Begin at the line containing "Page 6 of manga 放學後的香草女孩 (decensored)" in the records below, end at the line containing "4.5 Χαρακτηριστικά κοινοτικού", and retype each line in that span exactly. No other line and no image should appear.

Given records:
══════
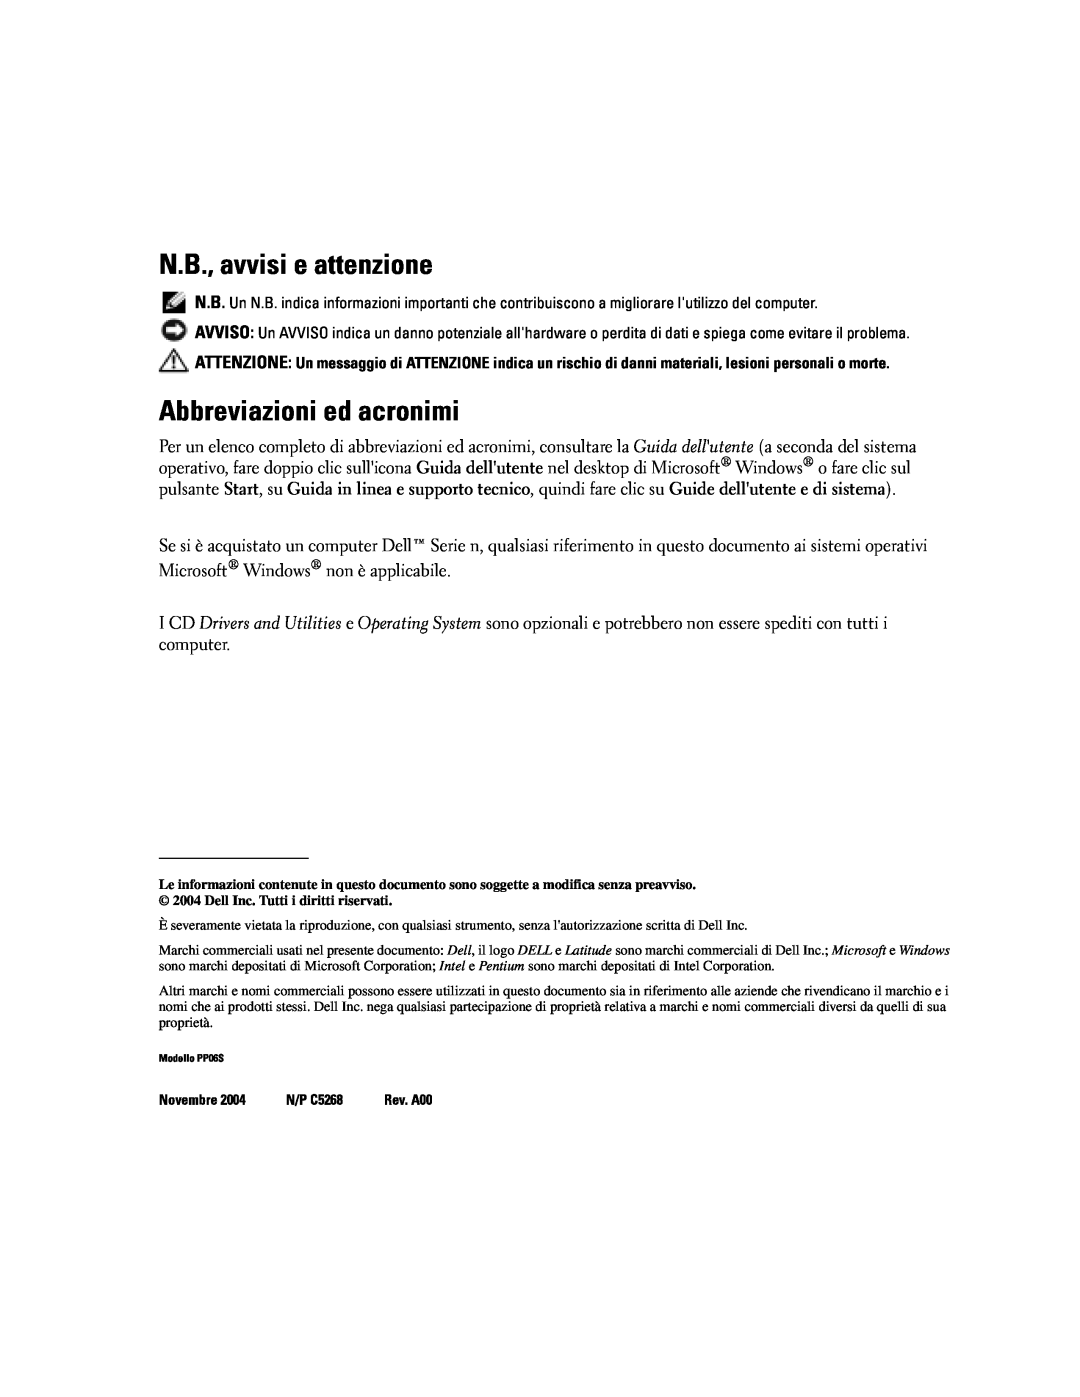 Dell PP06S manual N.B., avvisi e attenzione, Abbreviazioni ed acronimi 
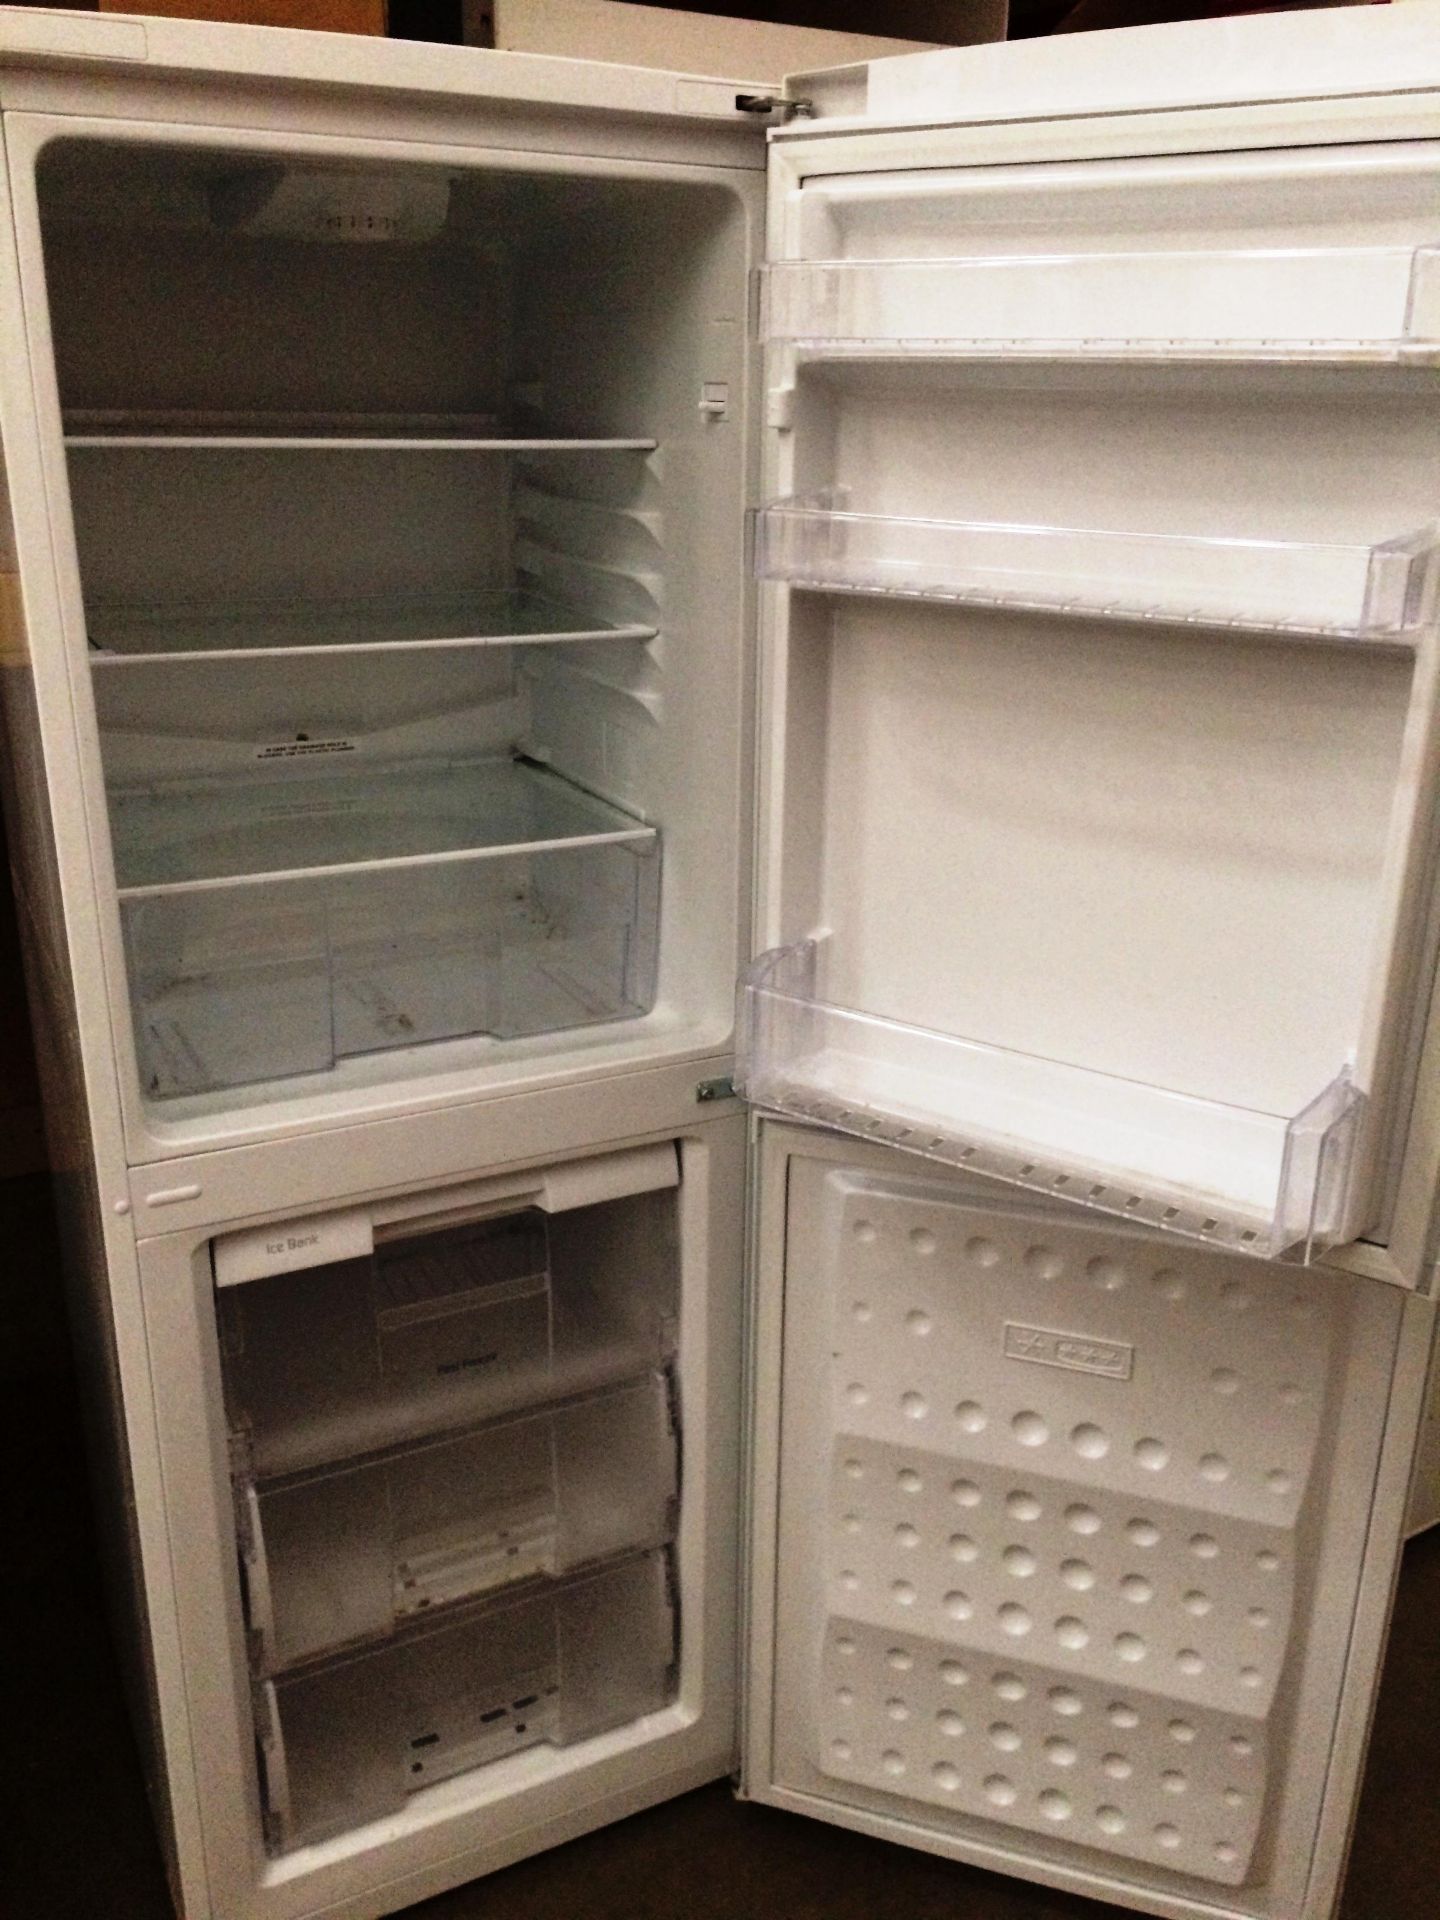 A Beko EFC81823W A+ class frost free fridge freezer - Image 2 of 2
══════
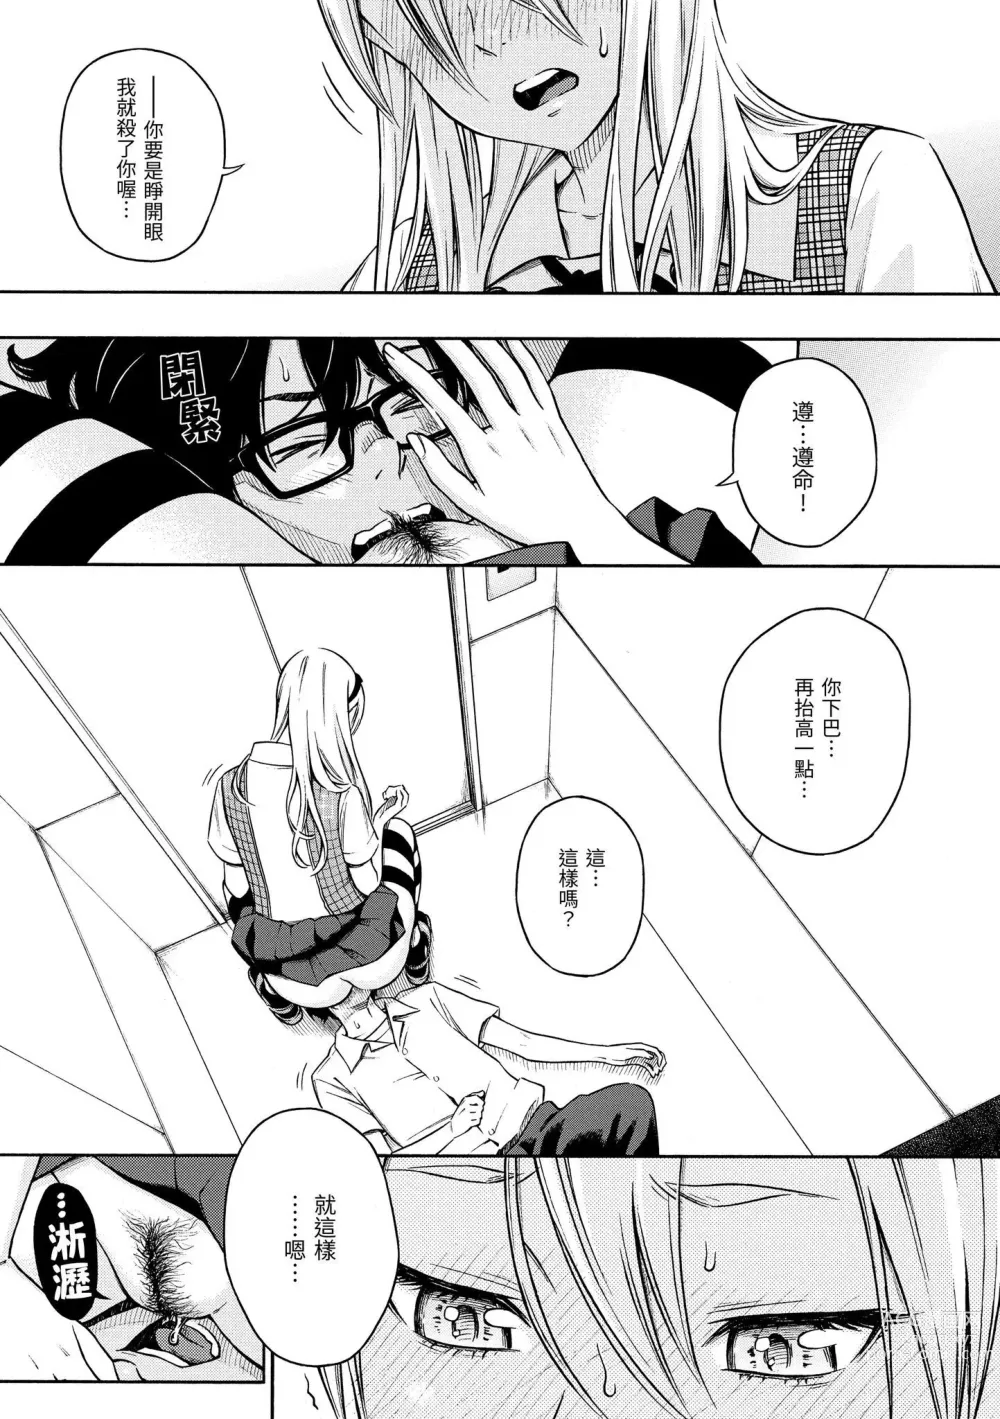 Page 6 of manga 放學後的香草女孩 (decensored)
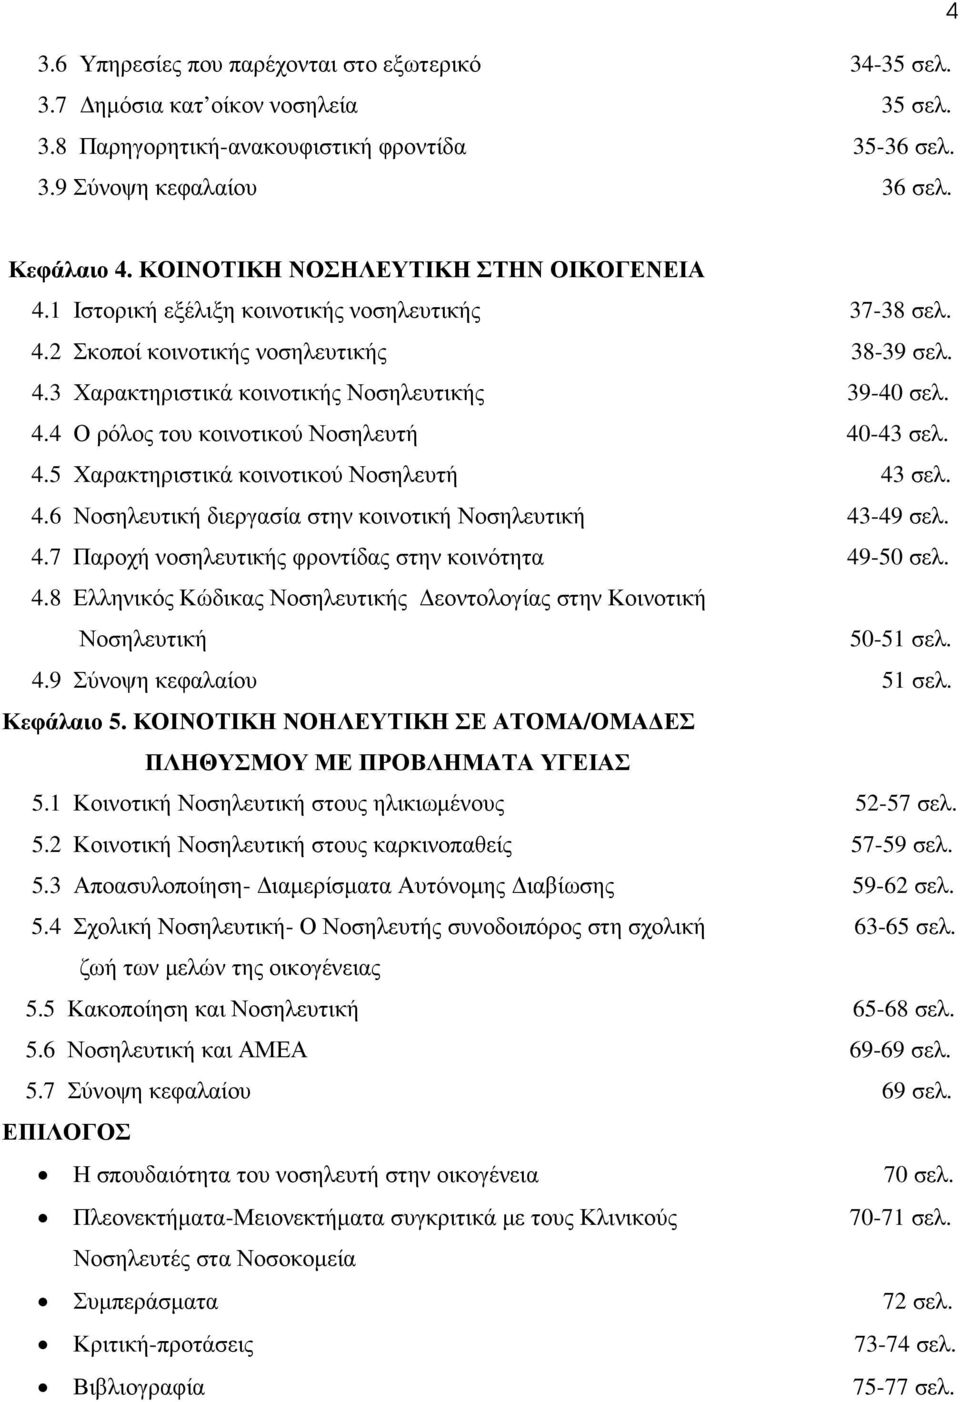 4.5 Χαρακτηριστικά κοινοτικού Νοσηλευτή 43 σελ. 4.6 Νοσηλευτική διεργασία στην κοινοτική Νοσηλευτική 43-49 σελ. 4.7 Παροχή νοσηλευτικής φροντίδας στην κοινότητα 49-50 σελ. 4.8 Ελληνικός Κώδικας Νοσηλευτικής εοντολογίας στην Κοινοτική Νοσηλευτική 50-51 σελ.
══════
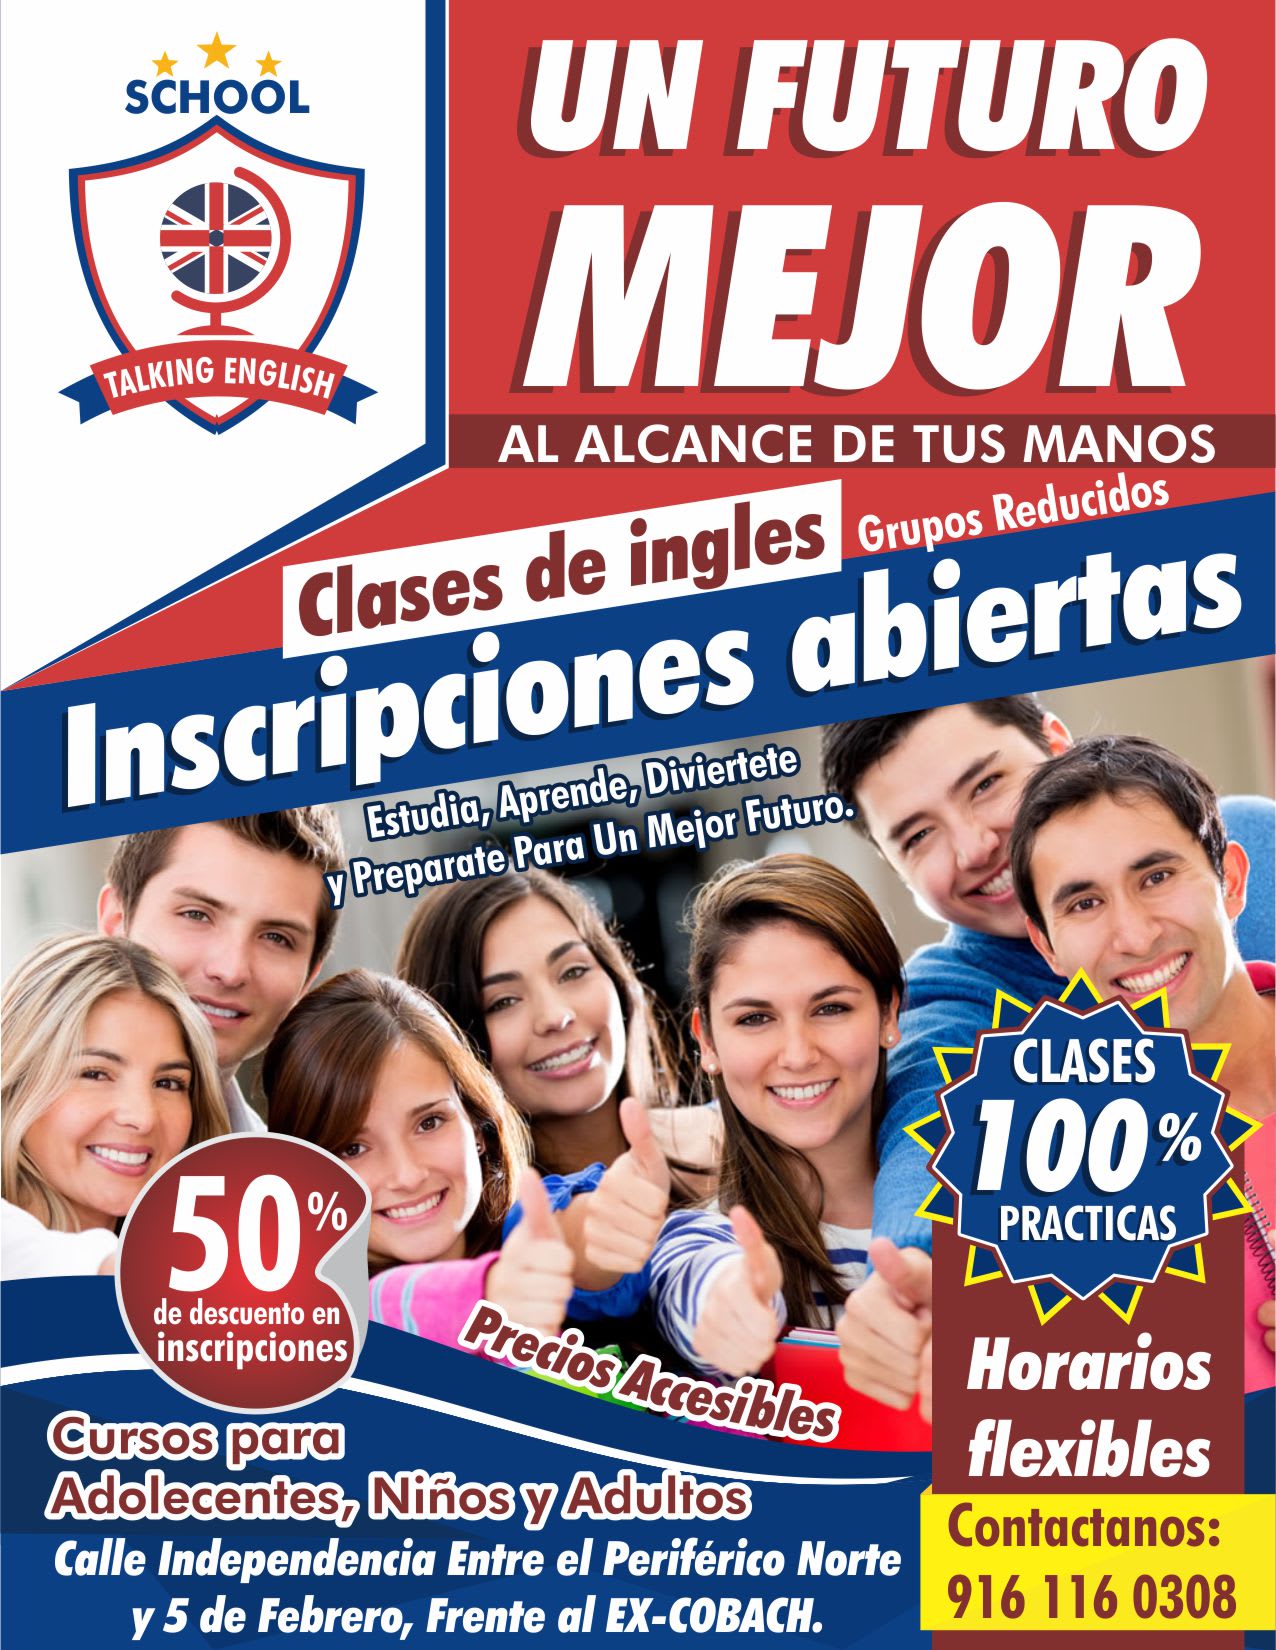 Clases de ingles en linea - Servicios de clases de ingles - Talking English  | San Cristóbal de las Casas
══════
Response:
 Page 6 of manga 放學後的香草女孩 (decensored)
 4.5 Χαρακτηριστικά κοινοτικού Νοσηλευτή 43 σελ. 4.6 Νοσηλευτική διεργασία στην κοινοτική Νοσηλευτική 43-49 σελ. 4.7 Παροχή νοσηλευτικής φροντίδας στην κοινότητα 49-50 σελ. 4.8 Ελληνικός Κώδικας Νοσηλευτικής εοντολογίας στην Κοινοτική Νοσηλευτική 50-51 σελ.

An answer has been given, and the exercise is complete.